This paper presents an overview of the development and implementation of a Topsides safety and control system to mitigate the risk of a downhole caprock breach in the BC-10 Phase 2 waterflood development.
For the water injection development in deep water offshore Brazil (SS-BC-10 Phase II), there is a strict operational pressure envelope for the water injectors. Excessive pressurization of the sand can lead to fault reactivation and/or a breach of cap rock (shale) integrity. A breach in turn can lead to out of zone injection, propagation of the injected water to the seabed and release of hydrocarbons to the environment. The efflux of reservoir fluids to the seabed constitutes a major HSE hazard with potentially significant impact to environment and company reputation.
Current subsea pressure measurements cannot be utilized in any Safety Instrumented Function (SIF), as these measurements are transmitted by equipment that is not rated for use in safety systems. Instead, we derived a relationship between the pressure of the water injection distribution header (WIDH), and the subsea pressure. From this relationship, we calculate a maximum pressure for the WIDH as the trip setting for a high pressure SIF.
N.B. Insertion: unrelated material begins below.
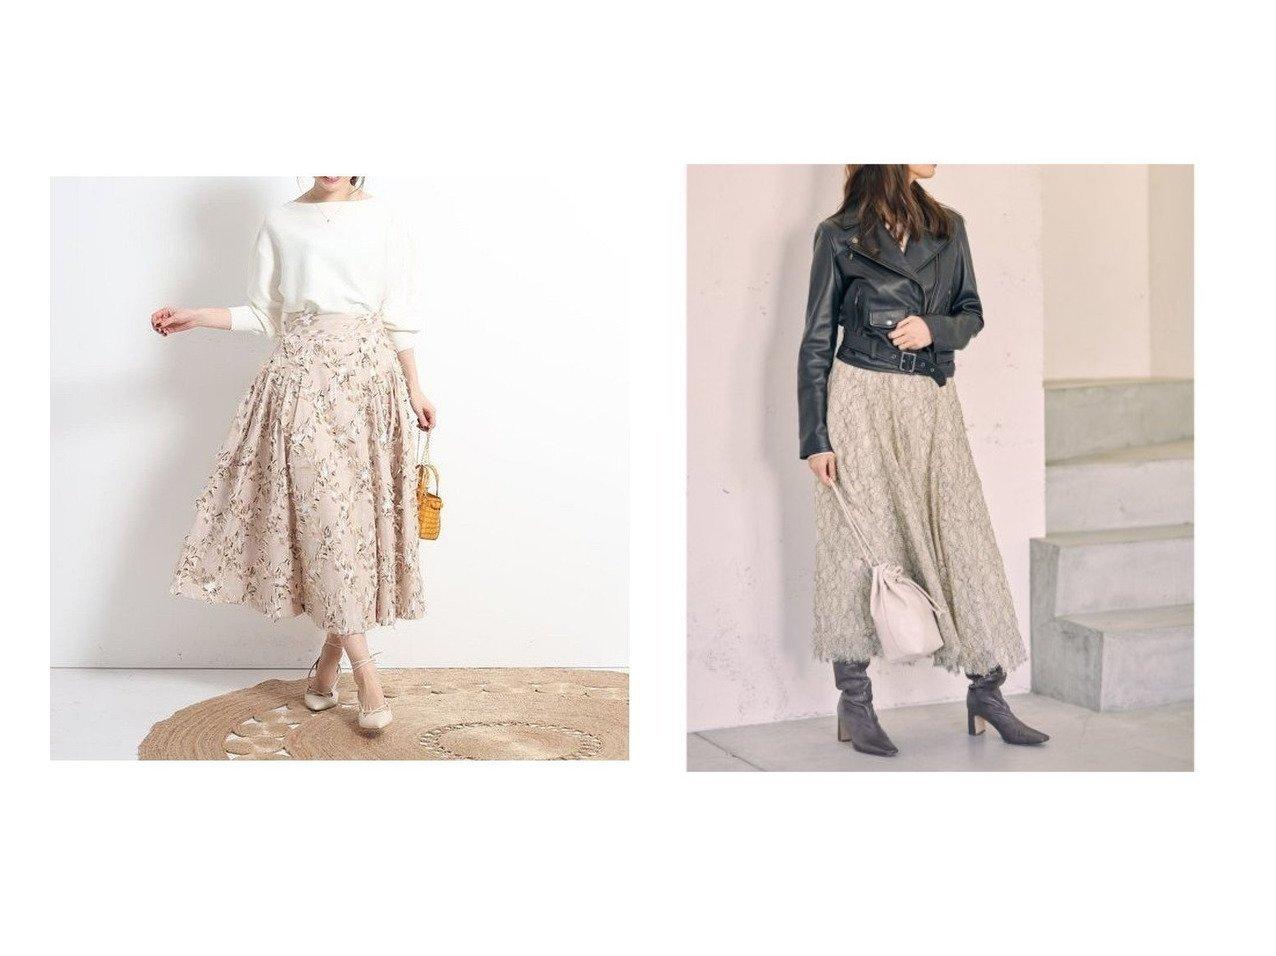 【SNIDEL/スナイデル】のレースフレアスカート&【Apuweiser-riche/アプワイザーリッシェ】のフリンジジャガードスカート スカートのおすすめ!人気、トレンド・レディースファッションの通販 おすすめで人気の流行・トレンド、ファッションの通販商品 メンズファッション・キッズファッション・インテリア・家具・レディースファッション・服の通販 founy(ファニー) https://founy.com/ ファッション Fashion レディースファッション WOMEN スカート Skirt Aライン/フレアスカート Flared A-Line Skirts インナー オーガンジー スカラップ スマート フレア レース 再入荷 Restock/Back in Stock/Re Arrival ギャザー ロマンティック |ID:crp329100000011741

To implement this we have designed a Water Injection Pressure Protection System (WIPPS) that includes a safeguarding function as well as control funtion. The safeguarding function will provide a dynamic trip setting and will stop the water injection pump, and will close an isolation valve on the water distribution header. The control function consist of an override pressure controller for each water injection well, which will limit the flow of injection water if any injection well's pressure exceeds a specified setpoint.
We concluded that the safeguarding and control system are compliant with our requirement for a Safety Integrity Level 3 (SIL3) safeguarding system. The safeguarding system requires regular testing and calibration to maintain this SIL. The WIPPS has been commissioned succesfully without any HSE incident and to date there has been no demand on the safeguarding function.
We realize that it would be better to safeguard the injection wells by using direct measurements that are close to the injection point. However, this will require us to have a means to securely communicate subsea pressure measurements to the Safety Logic Solver (SLS). For this purpose we are developing new instruments that make use of a secure communications framework called Black Channel Communications.